Вспомним, впрочем, о дуэли Зосимы, когда он еще был Зиновием, и сравним это с ощущениями Ставрогина у барьера. 3. выдержал выстрел противника – после чего, возлюбив человечество, отказался от своего. Зосима – сублимация Ставрогина, однако в глубинно-психологической основе любовь одного и острые ощущения другого тождественны: это мазохизм, мазохистские восторги. Что-то вроде этого испытывал Достоевский. У него это сделалось эпилепсией, которую он называл всегда и только «падучей»: слово, максимально точно выражающее состояние униженности, «падения», которое сопровождается, однако, каким-то нечеловеческим блаженством. Фрейд считал эпилепсию Достоевского не органическим заболеванием, а истерическим симптомом. Интересно сопоставить это с описанием эпилепсии у Томаса Манна в «Волшебной горе», где соответствующую трактовку феномена дает доктор Круковский, представитель венской делегации, как сказал бы Набоков:
   <…> этот психоаналитик, рассуждая о любви как болезнетворной силе, коснулся падучей; пользуясь то поэтическими образами, то беспощадно точной научной терминологией, он принялся доказывать, что эта болезнь, в которой доаналитическое человечество видело священный, даже пророческий дар и в то же время дьявольскую одержимость, является как бы эквивалентом любви, своего рода мозговым оргазмом. <…>
   Отличие Достоевского от святого Франциска в том, что у второго этот феномен смягчился, приняв, так сказать, хроническую форму, тогда как Достоевский знал соответствующее переживание в острой форме эпилептических припадков.

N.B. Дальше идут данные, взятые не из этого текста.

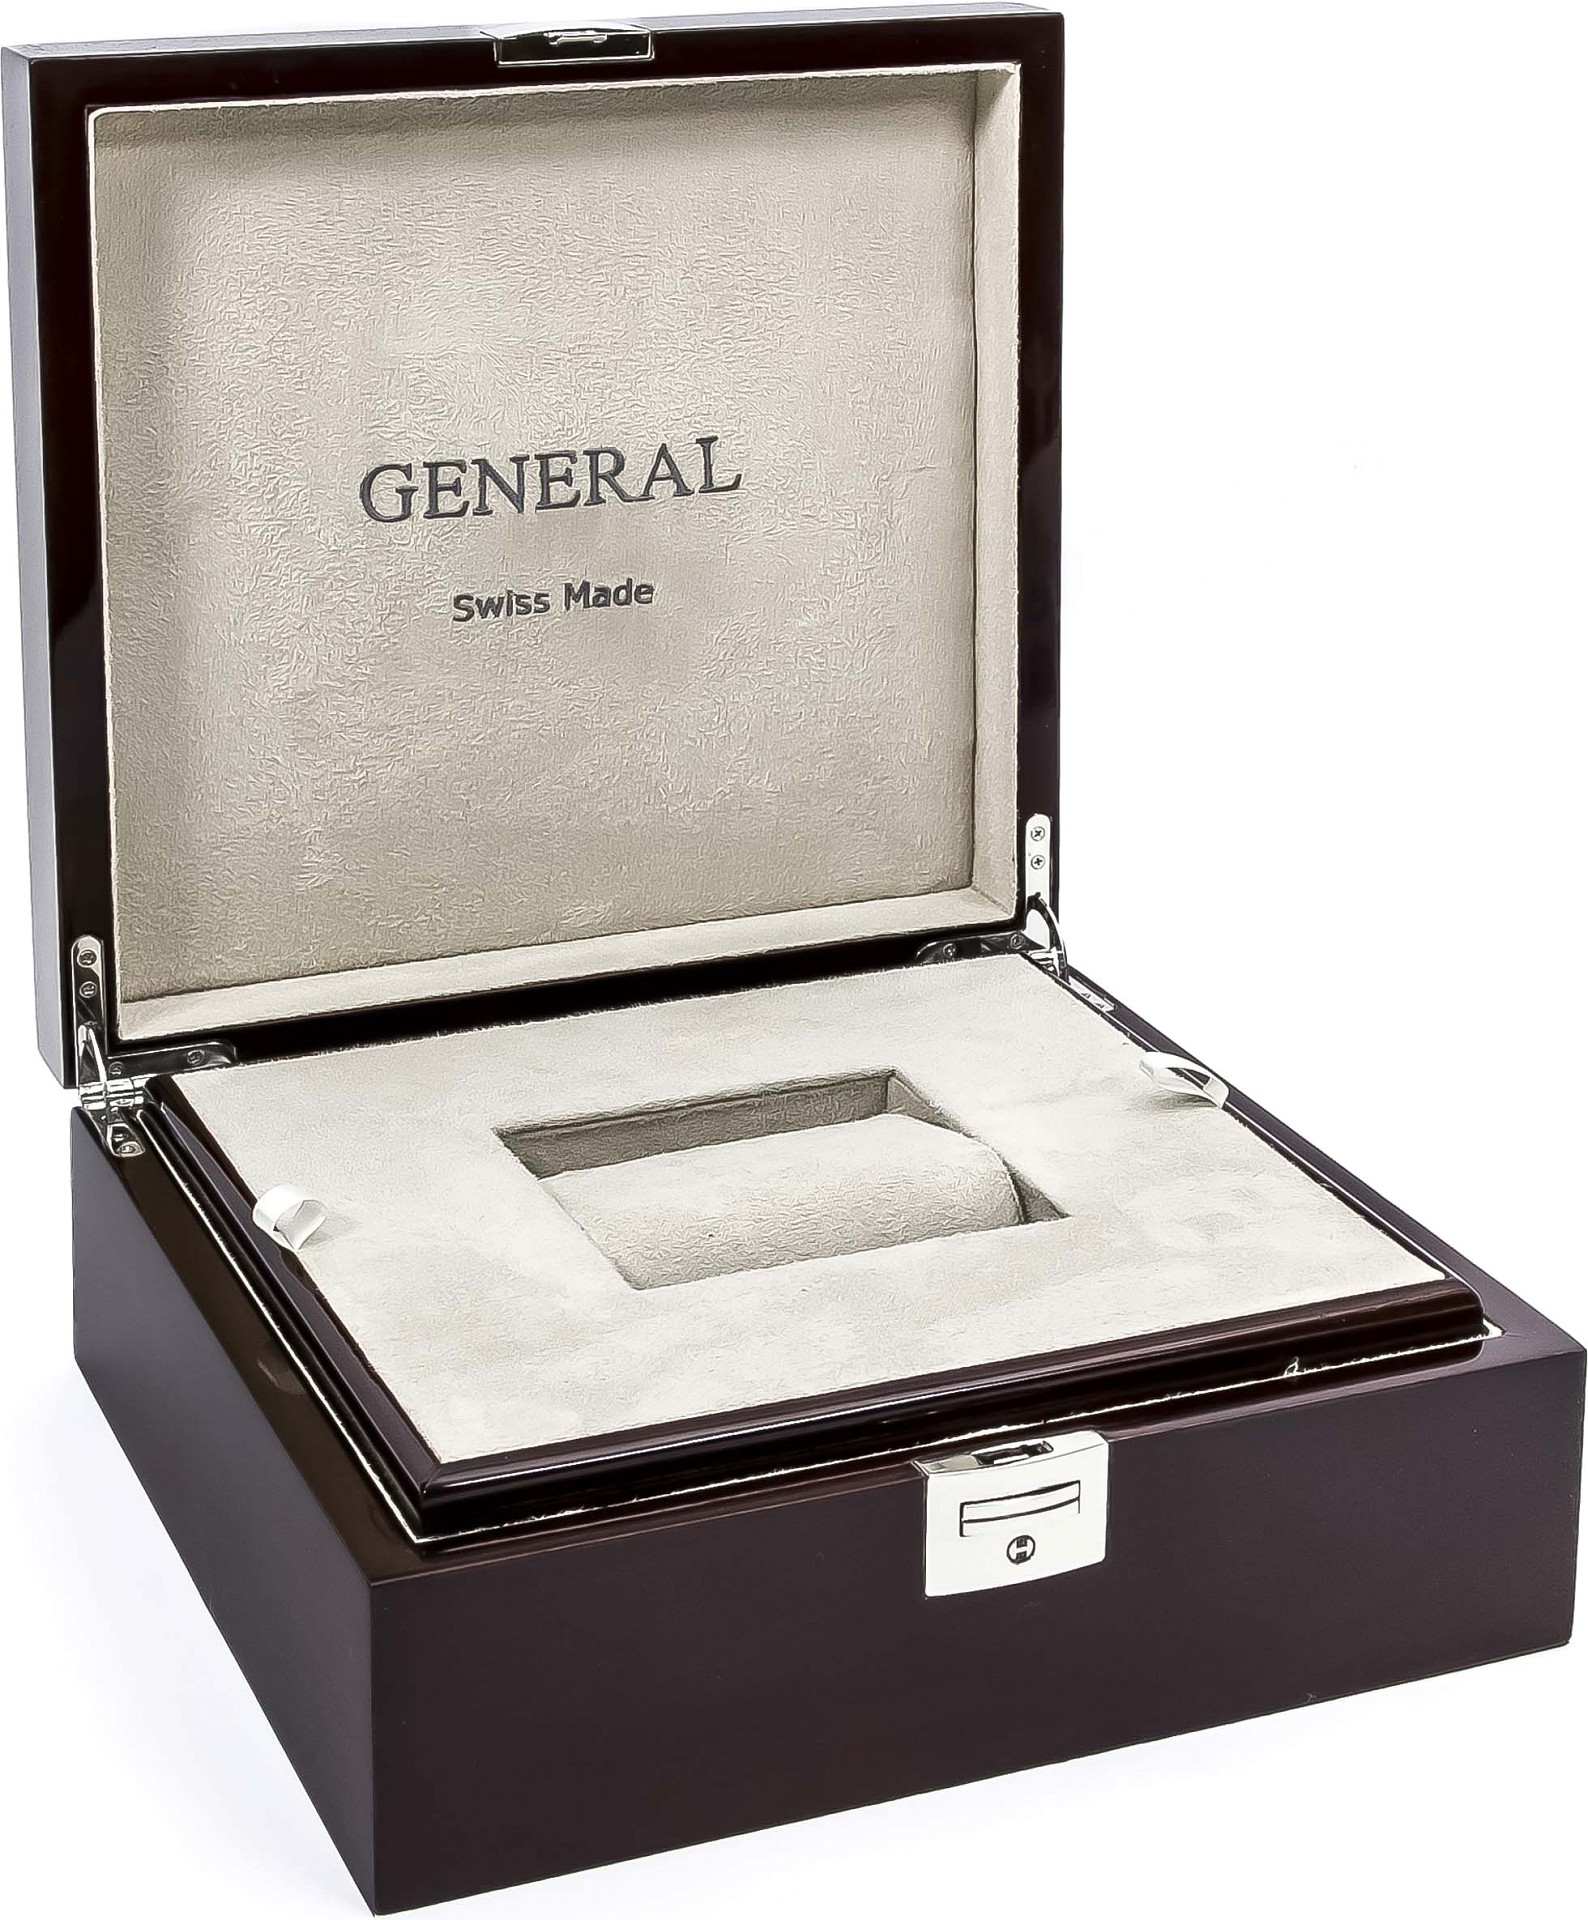  General XL Uhrenbox für 1 Uhr aus Holz 
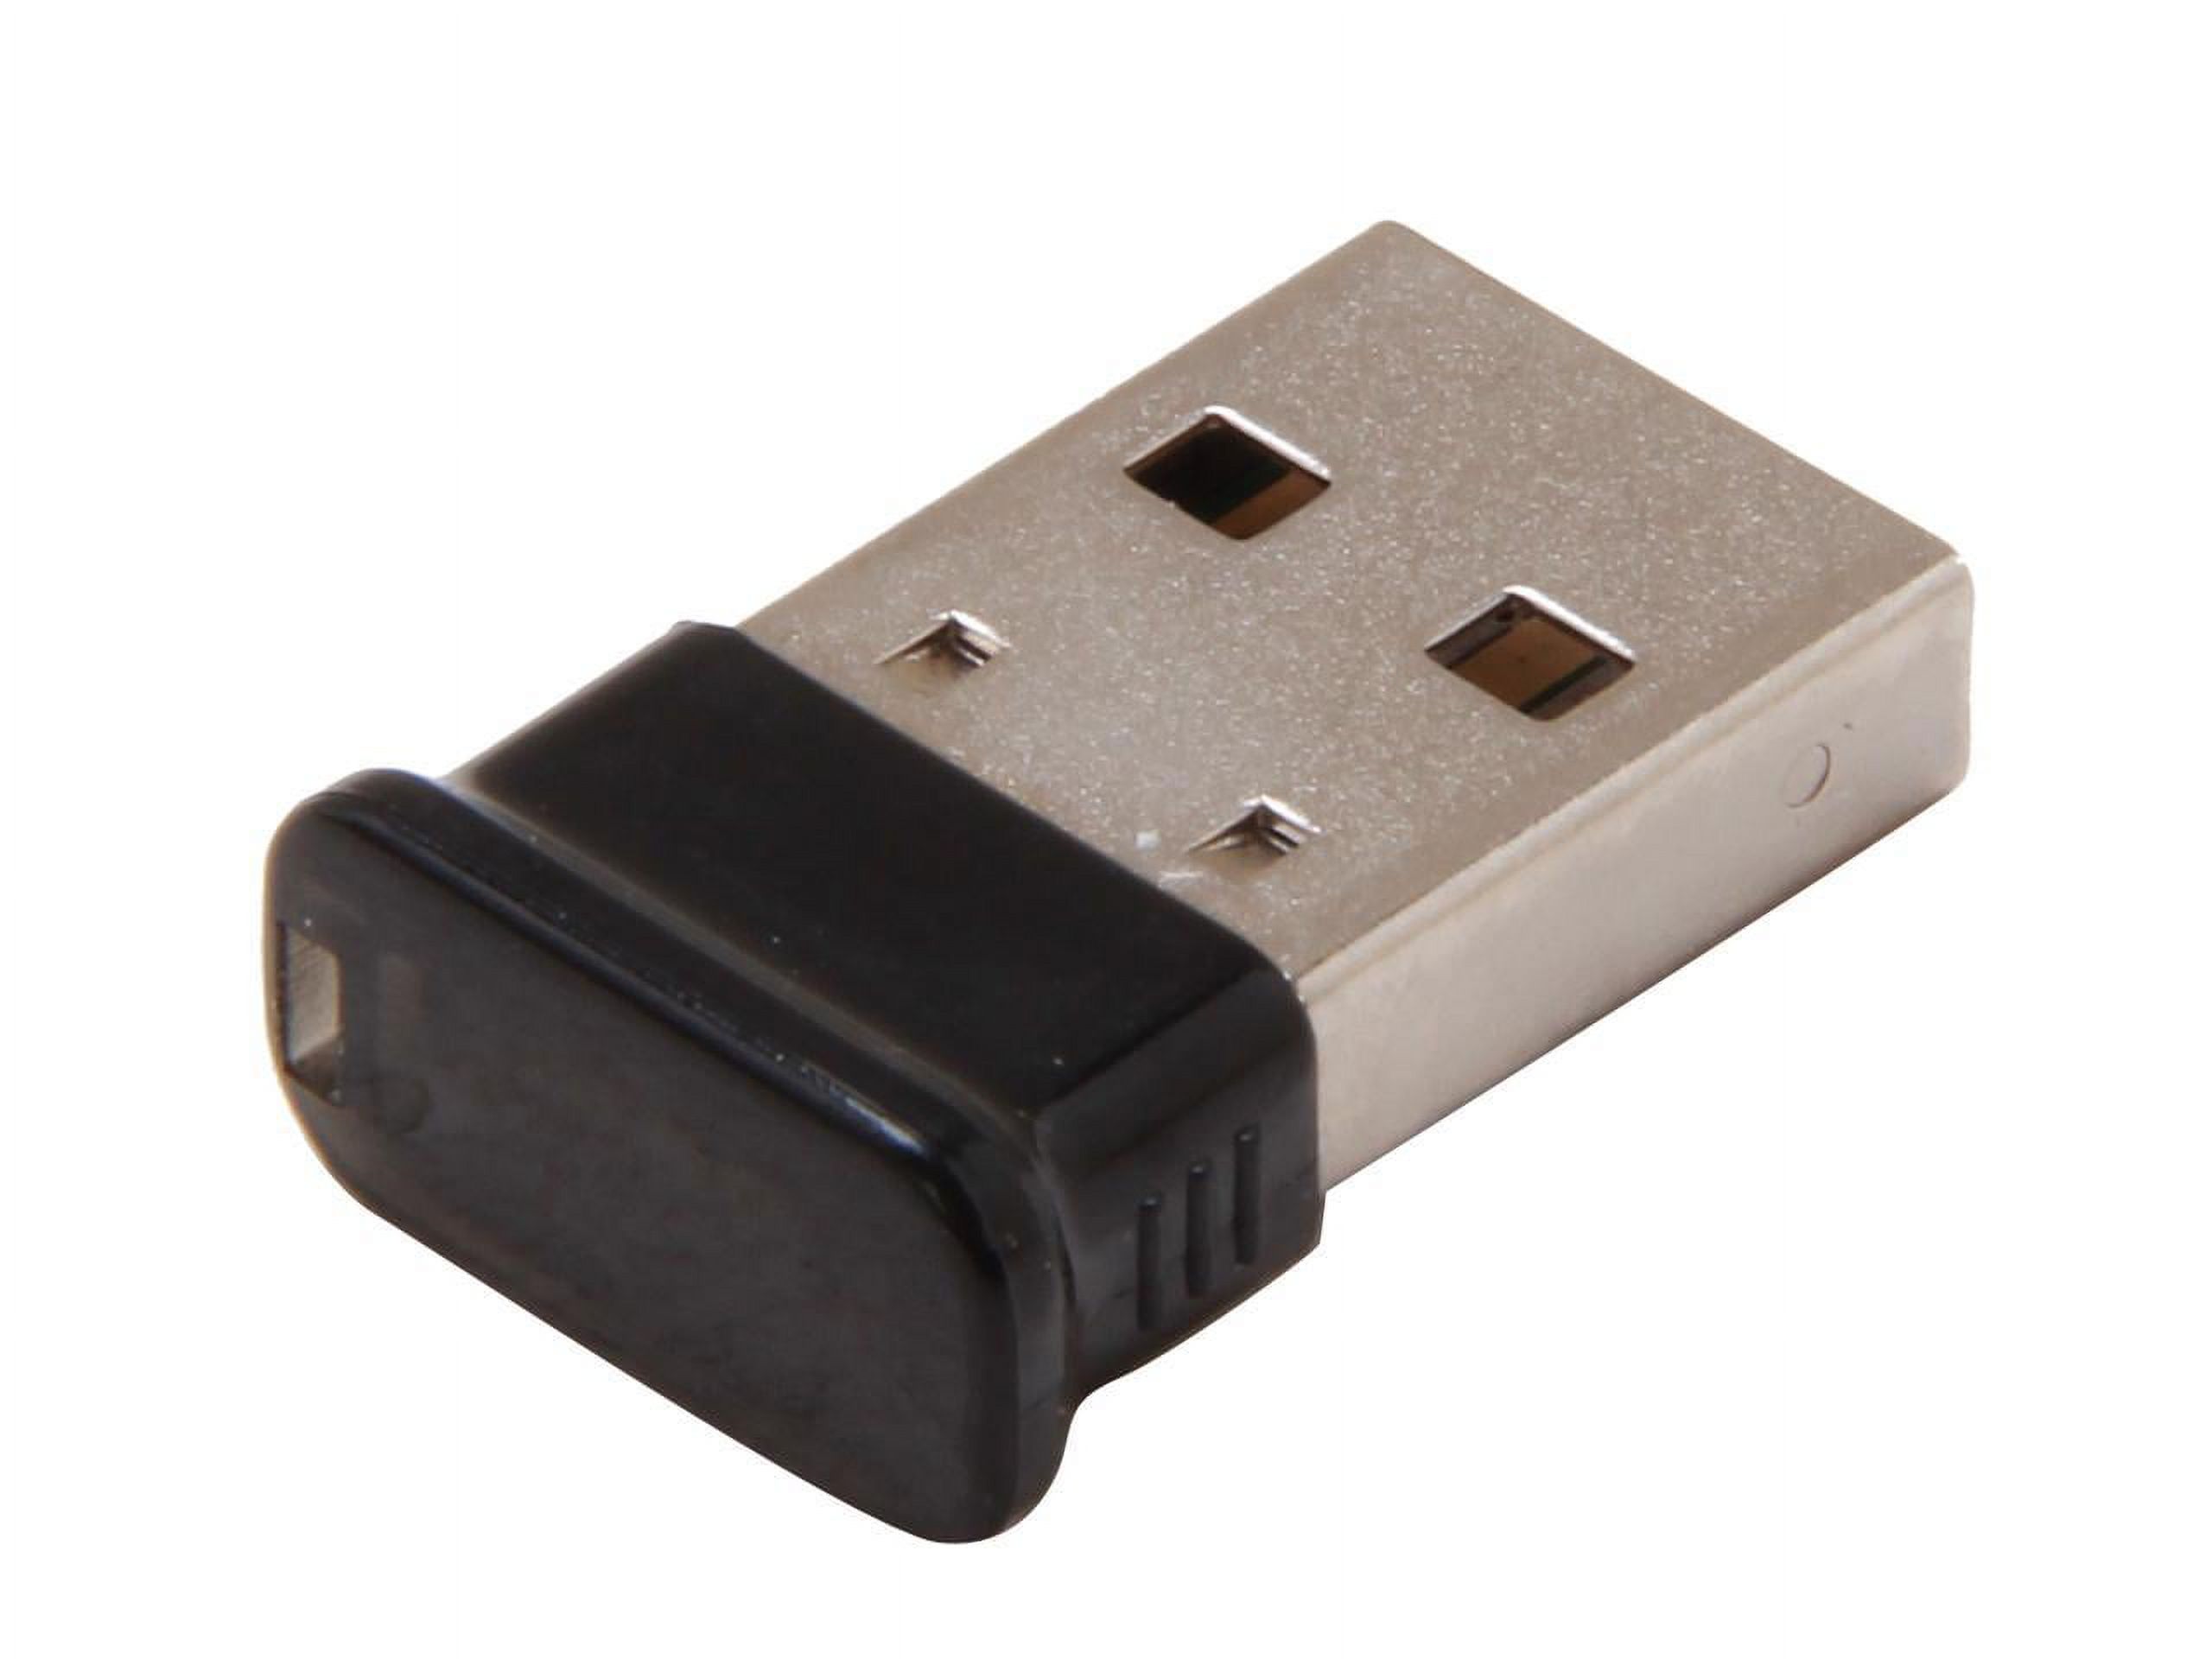 StarTech USBBT1EDR2 Mini USB Bluetooth 2.1 Adapter - Class 1 EDR Wireless Network Adapter - image 1 of 5

   Посмотрим на дионисизм не столько сублимированный, сколько исходный, не христианский, а древнегреческий, а также на возможные русские его параллели. С известной долей вероятности его русским аналогом можно считать феномен юродства. И еще одна интересная параллель обнаруживается – хлыстовство. Дионисово действо – экстаз, выхождение из себя в некоем коллективном радении и кружении, «священное безумие», охватывающее участвующих в действе вакхантов, приобщение к элементарным силам земли. В современных терминах можно сказать – культивированный уход в бессознательное, причем не индивидуальное, а коллективное. Участник Дионисова действа теряет свое «я» и в этой утрате усваивает нечто высшее и сильнейшее, сливается с бытийными стихиями, обретая в этом невозможную в индивидуальном существовании мощь и блаженство. Это оргийное, оргиастическое состояние, достигаемое и упомянутыми хлыстами.
   В христианском опыте (тот же Франциск) подобное состояние переживается в одиночку, и поэтому, считается, не ведет к утрате личности ни самого носителя этих свойств, ни окружающих, здесь вроде бы сохраняется индивидуализированная любовь, уникальность человеческого лика.
   Персонажем Достоевского, наиболее полно воплотившим эту установку, единодушно признается старец Зосима из «Братьев Карамазовых». Она у него осознана и артикулирована. Только один пример из бесед старца:
   Господа, посмотрите кругом на дары Божии: небо ясное, воздух чистый, травка нежная, птички, природа прекрасная и безгрешная, а мы, только мы одни безбожные и глупые и не понимаем, что жизнь есть рай, ибо стоит только нам захотеть, и тотчас же он настанет во всей красоте своей, обнимемся мы и заплачем…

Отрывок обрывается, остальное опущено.